Under the circumstances, it was very difficult to piece together the unlucky string of events that befell the town of Eunice, but it all began with a tanker truck. Such trucks rolling in from Odessa were a regular site at the plant, since the plant needed regular shipments of trimellitates, polybutane, and other raw materials needed to make their particular type of plastic.
One tanker truck, however, never made it to the plant. To the best of anyone’s knowledge, the driver lost control of the wheel while approaching the town. A heart attack was suspected. The tanker truck plowed into an electrical station and ruptured, and as the electrical station blew, a dense cloud of fumes billowed into the air. While burning polybutane would have been a health hazard and general nuisance, it would not have been deadly. However, due to some clerical error back at the chemical company in Odessa, the tanker was full of methyl isocyanate instead, a chemical used in pesticides that’s only marginally safe to begin with, and when tossed into a fire, the resulting gas cloud would be lethal to anything downwind . . .

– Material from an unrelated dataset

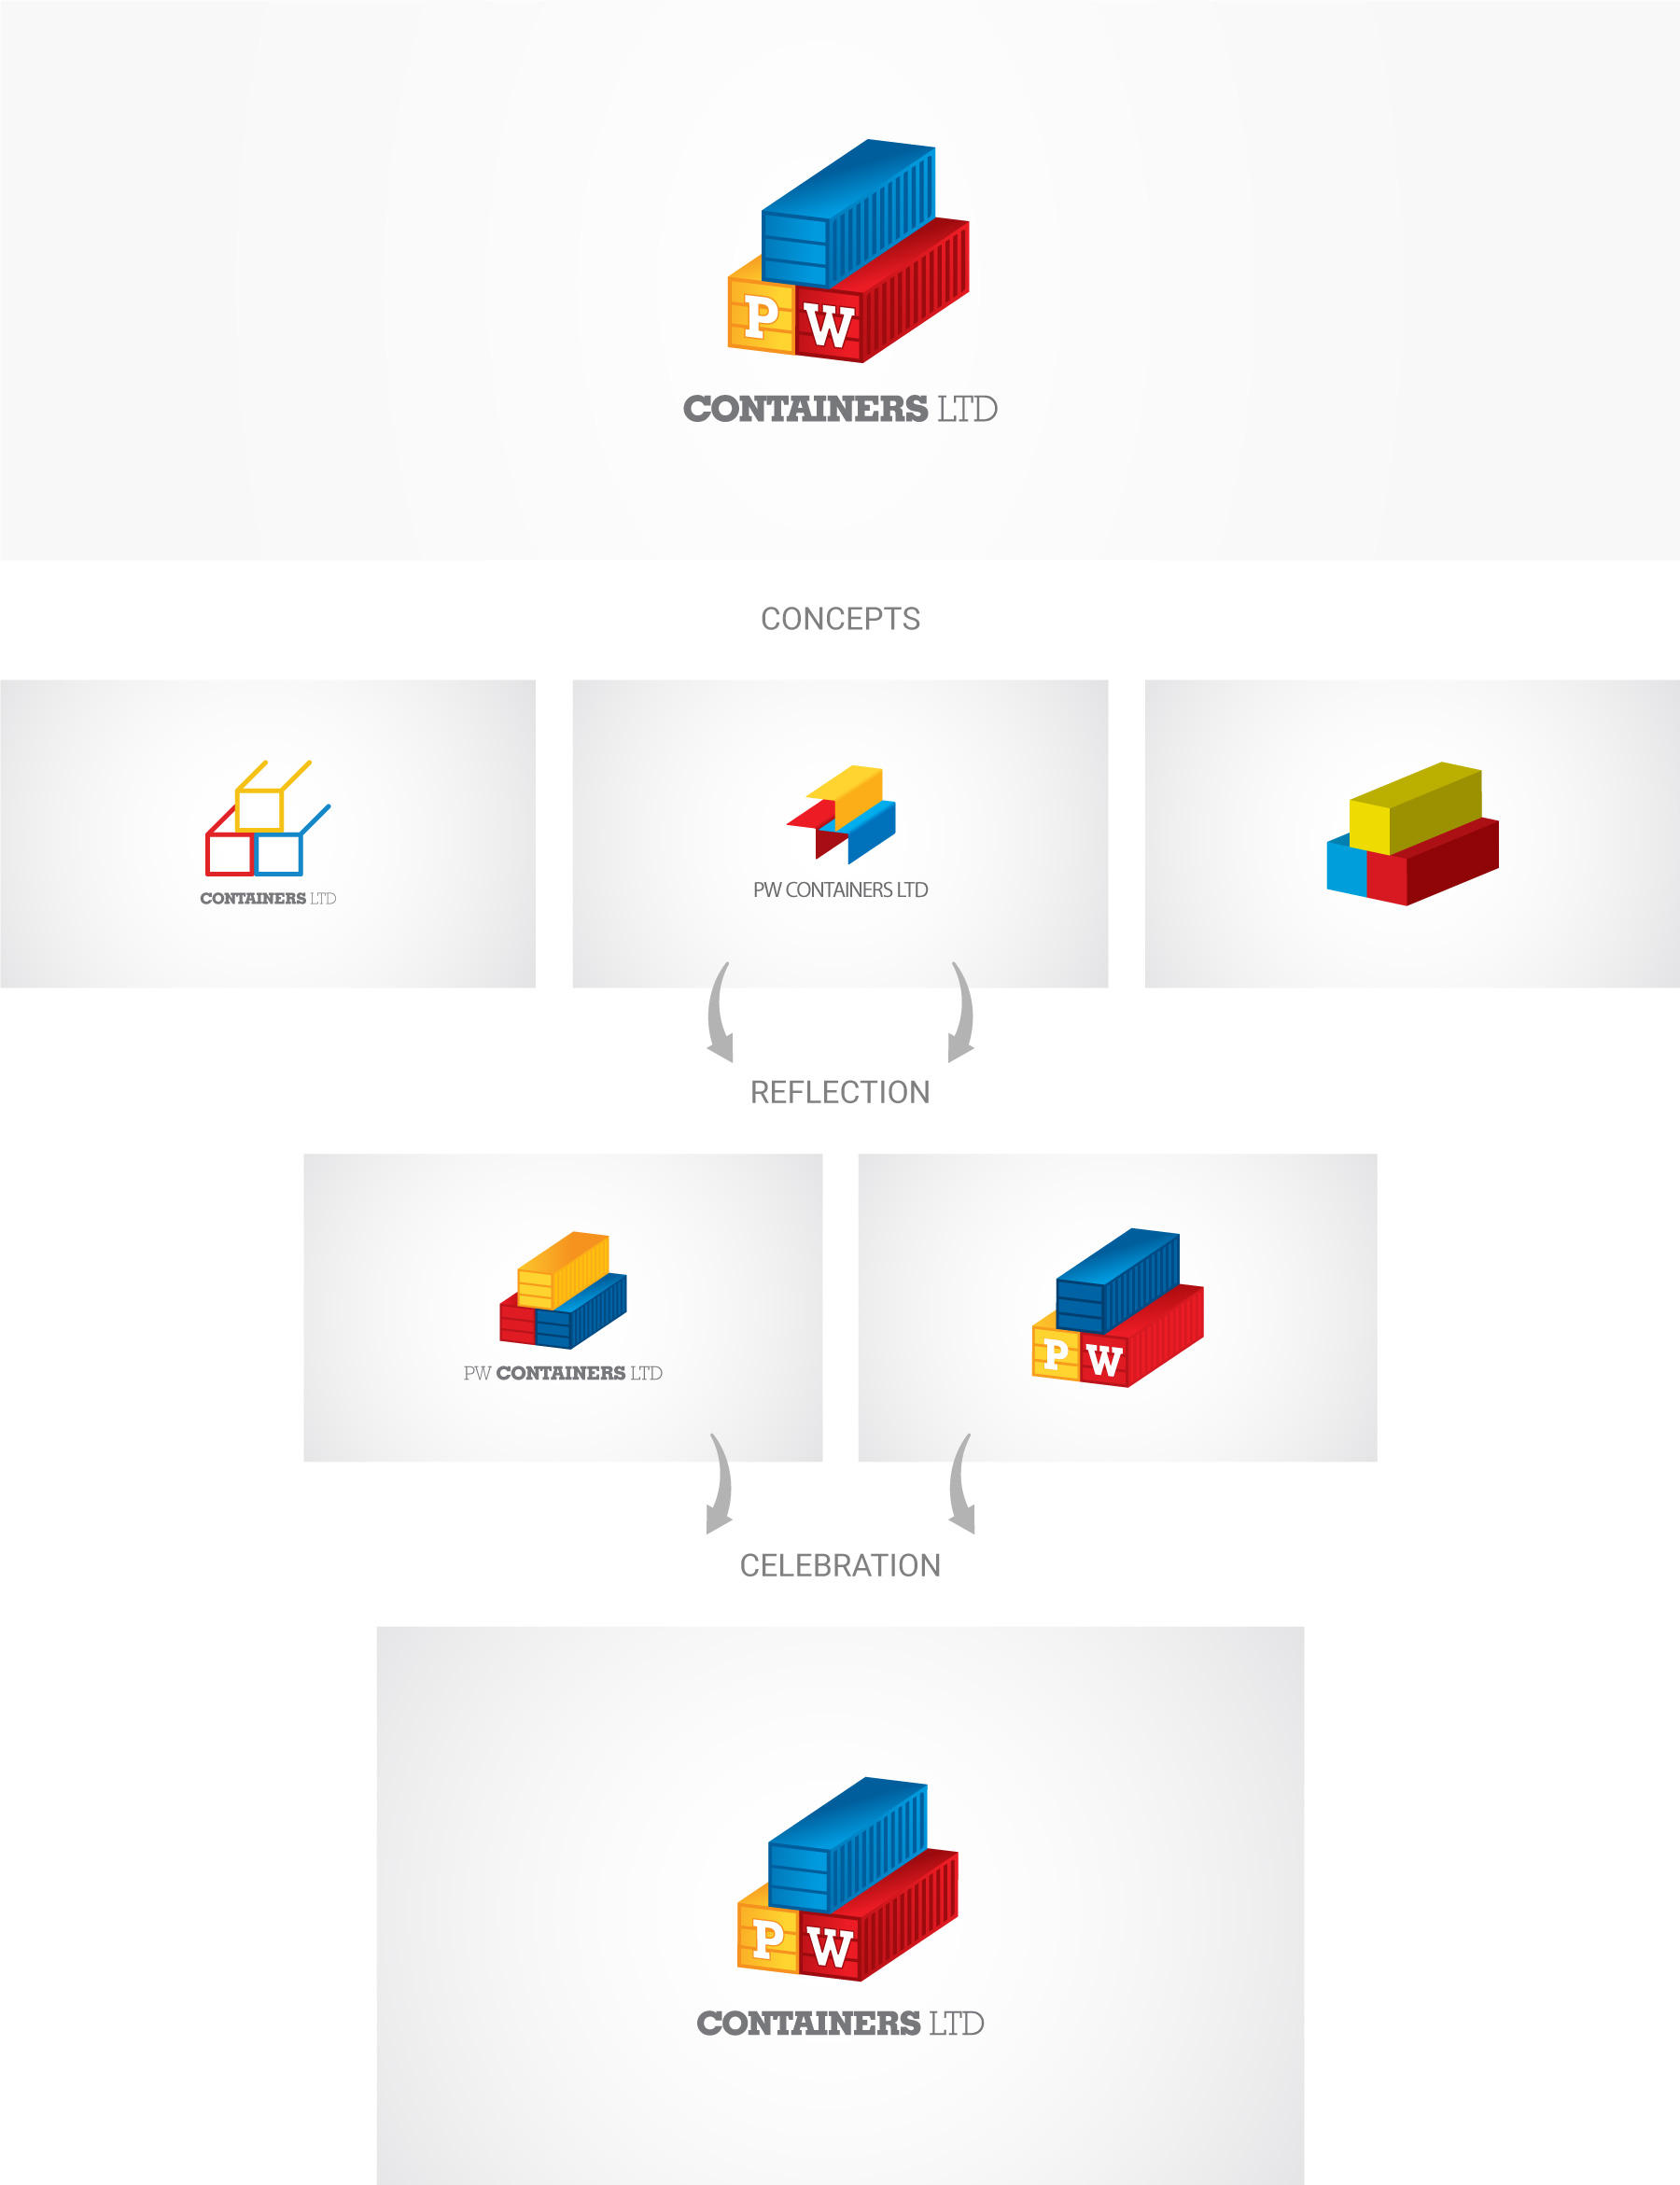 Pw-containers-ltd-logo-design

o;But . . . but I can still lead the team,” Milos insisted.
“Denial doesn’t help anyone,” Mary told him. “Circumstances have changed. Your body has died, and we all need to face that.” Then Mary sat back down, took the can from Rotsie, and took a long sip of soda, savoring the flavor. That’s when Milos realized that this was more than just a shared can of soda. It was like a champagne toast between the two of them, to celebrate a decision that had already been made in Milos’s absence.
“Why don’t you go down to the arena floor with the other Afterlights?” Mary suggested, indicating the endless basketball game below. “You could watch the game—maybe join in if you like. You’ve been so busy for so long, it’s been forever since you’ve played anything at all. Why, I bet if you thought about it, Milos, you could find something you’d like to do more than anything else. One special thing that would keep you content.”

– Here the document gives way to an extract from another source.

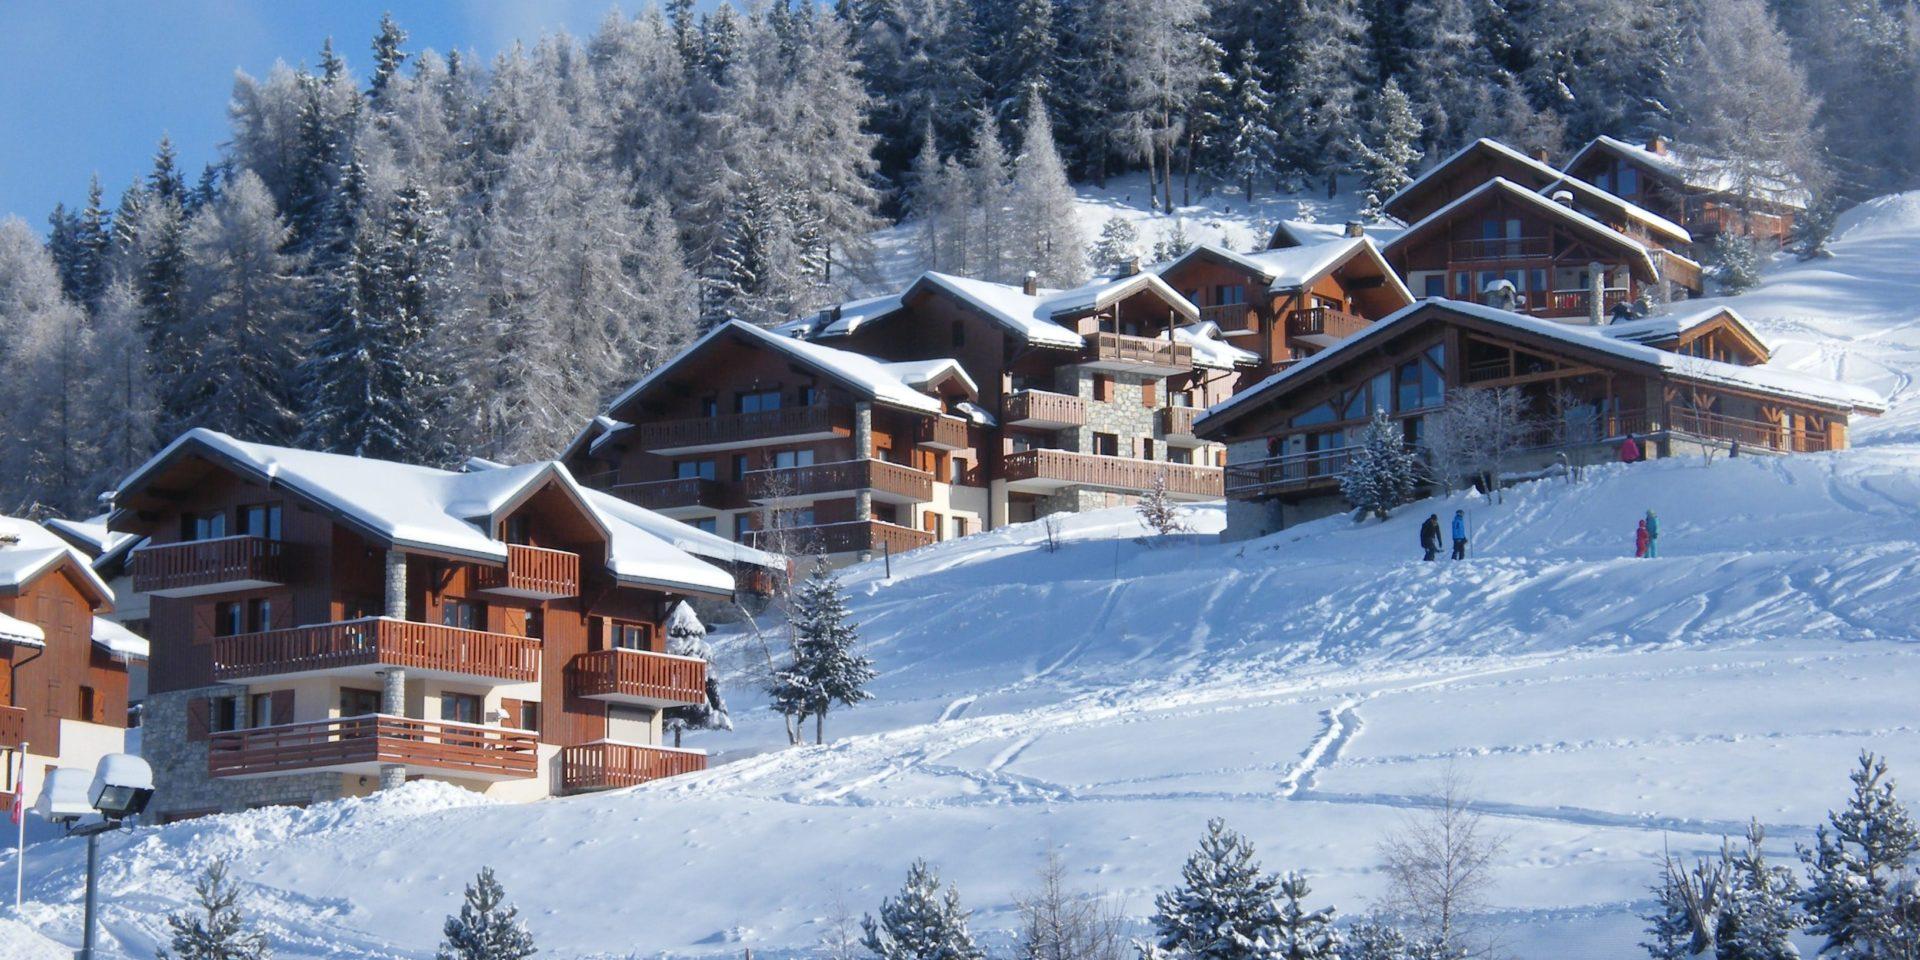 Vallandry Paradiski Frankrijk wintersport skivakantie luxe chalets bomen bergen sneeuw piste skien

“Think of it as retirement,” Rotsie said. “I’m sure you’ll find something useful to do.”
“That’s right,” echoed Mary. “Useful and fulfilling.”

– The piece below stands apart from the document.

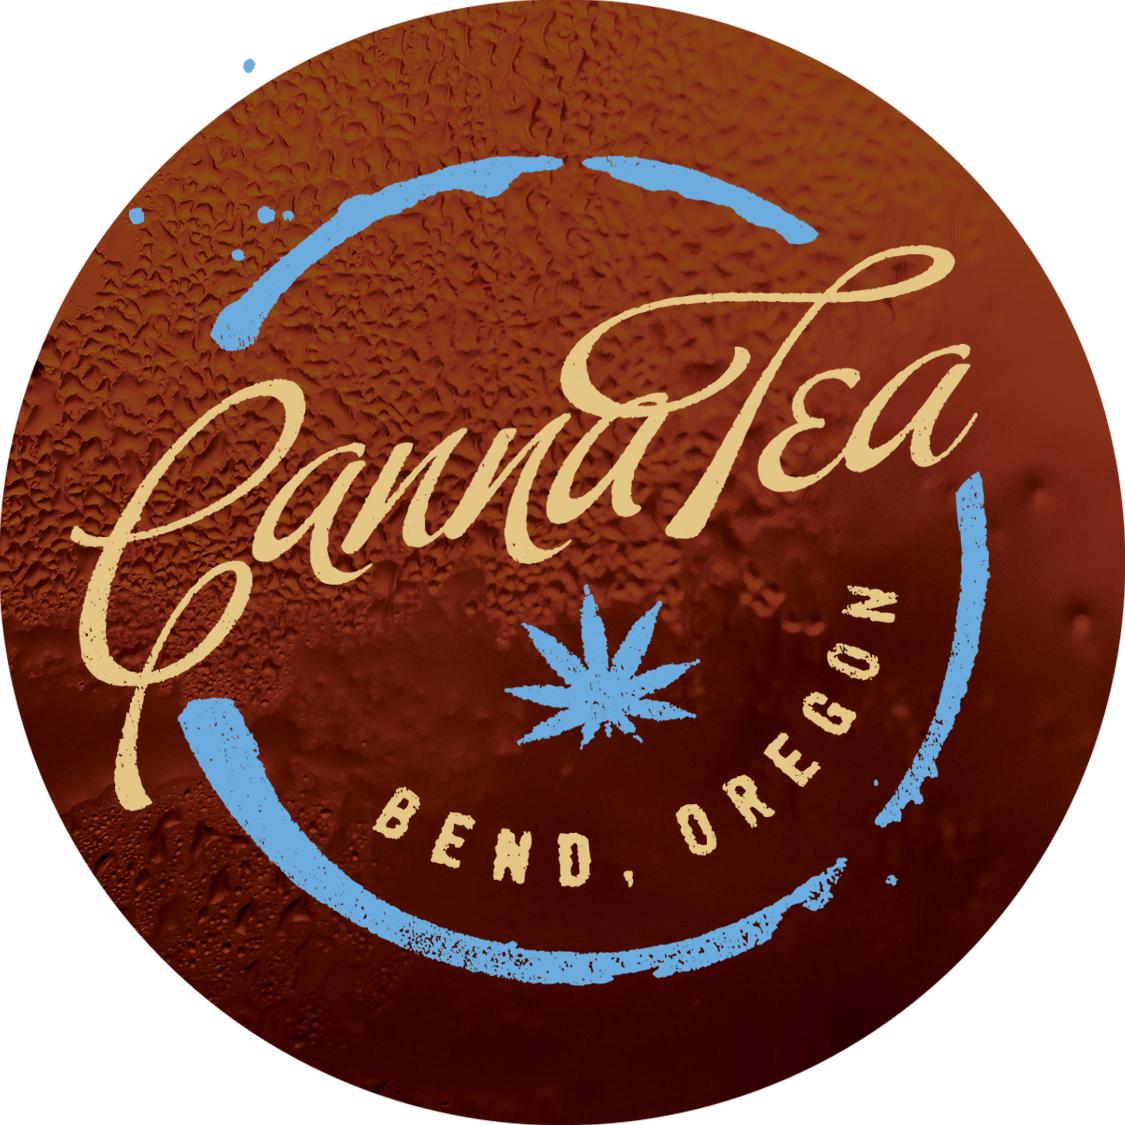 Canna Tea USA

“No,” insisted Milos feeling his last ounce of hope fading away. “Please, Mary . . . you still need me. . . .”
Mary sighed and rose again as if it was an effort. Finally she gave him an embrace and a kiss, but none of it held the passion it did before. The embrace was perfunctory, a mere requirement of common courtesy. And the kiss was a peck on the cheek. He felt the way a beloved pet must feel the moment before being “put down.”
“Please, Milos,” she said. “There’s no need to make this so . . . awkward.”
Finally Rotsie stood. “Why don’t I escort him out?”
But Milos would not allow the humiliation of being kicked out by Rotsie. Milos backed away, holding Mary’s gaze, hoping she would look away in shame, but she didn’t, because Miss Mary Hightower wasn’t ashamed of anything she did. Ever.
“I will go,” Milos said. “I will go and make myself . . . useful.” And he left, turning all his attention to the supreme task of remembering his name.